The suit, the fourth class action with similar complaints against CorePower, also addresses how the company pressures instructors to recruit students to sign up for a $3,000 teacher training.

"Part of your performance is based on how many people you recruit into the teacher training programs," Brennan said.

"Because they make a lot of money off of those teacher training programs," Jacobson added.

"They do," Brennan said, adding, "They… intentionally keep your wages low unless you do things like sell their teacher trainings, unless you recruit more people into the fold, until you grow that community."

"Somebody would say that's an incentive based. So you have pay but that's your incentive. Why isn't it that?" Jacobson asked.

"When you have a place... that is just charging the maximum, profiting off of their students, dragging people into teacher trainings, and then pouring out teachers... it just dilutes the whole spirit of yoga," Brennan said.

Sheetal Shah agrees.

"It's absolutely anti-yoga," Shah said.

She launched the "Take Back Yoga" campaign to highlight the Indian roots of the ancient philosophy.

"It just goes against the very basic tenets of yoga, satya, truthfulness," Shah said. "And you're violating that by telling teachers to prey upon students who may or may not be good as teachers and bring them in for the sole purpose of making money."
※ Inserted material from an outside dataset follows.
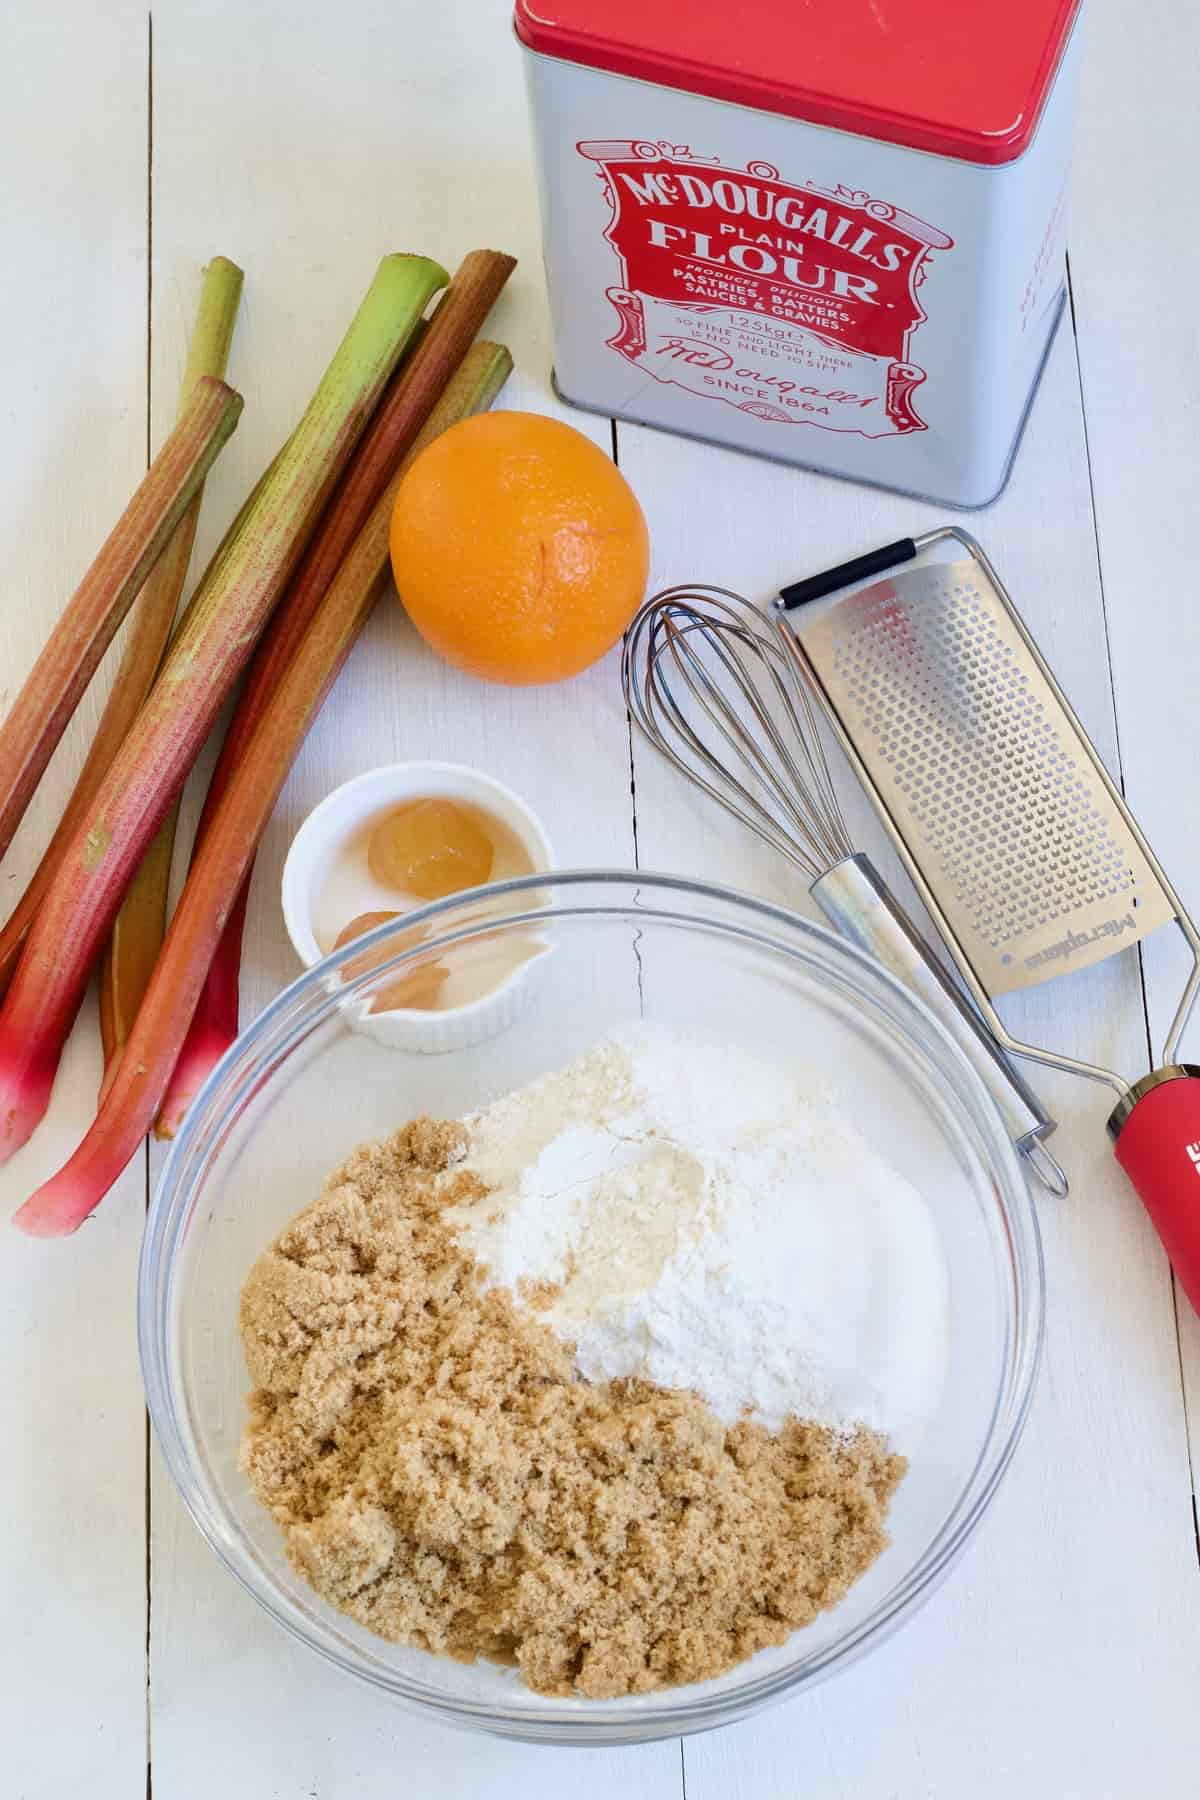 Ingredients for making rhubarb muffins.
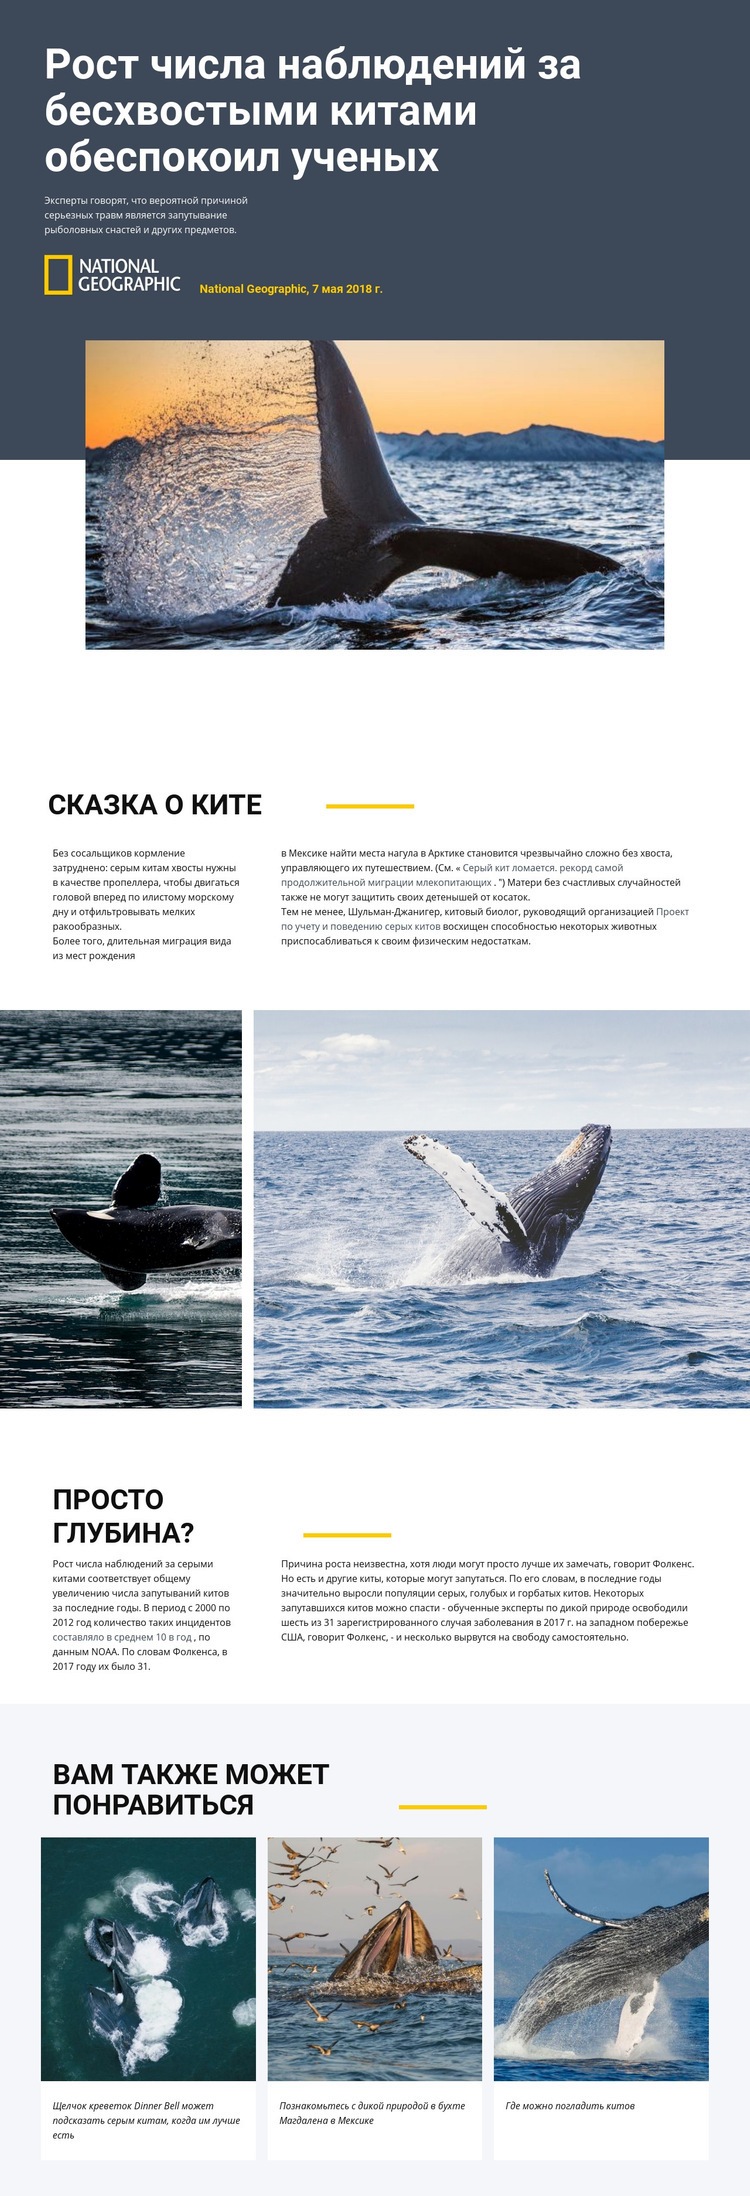 Центр наблюдения за китами Мокап веб-сайта

Brennan now works out of independent yoga studios, and Morgenstern said she still works at CorePower because some money is better than none.

"I don't really have a need to leave aside from the underpayment," Morgenstern said.

"You'd rather make it right?" Jacobson asked. 

"I'd rather right and I'd rather make it known that we are underpaid," she responded.

In a statement to CBS News, CorePower Yoga said this lawsuit is without merit and maintains there was no wrongdoing. The company adds, "CorePower is proud of its practices, believes they are fair and will continue to stand by and defend them." The case is expected to be settled out of court, and those three other lawsuits we mentioned were also settled.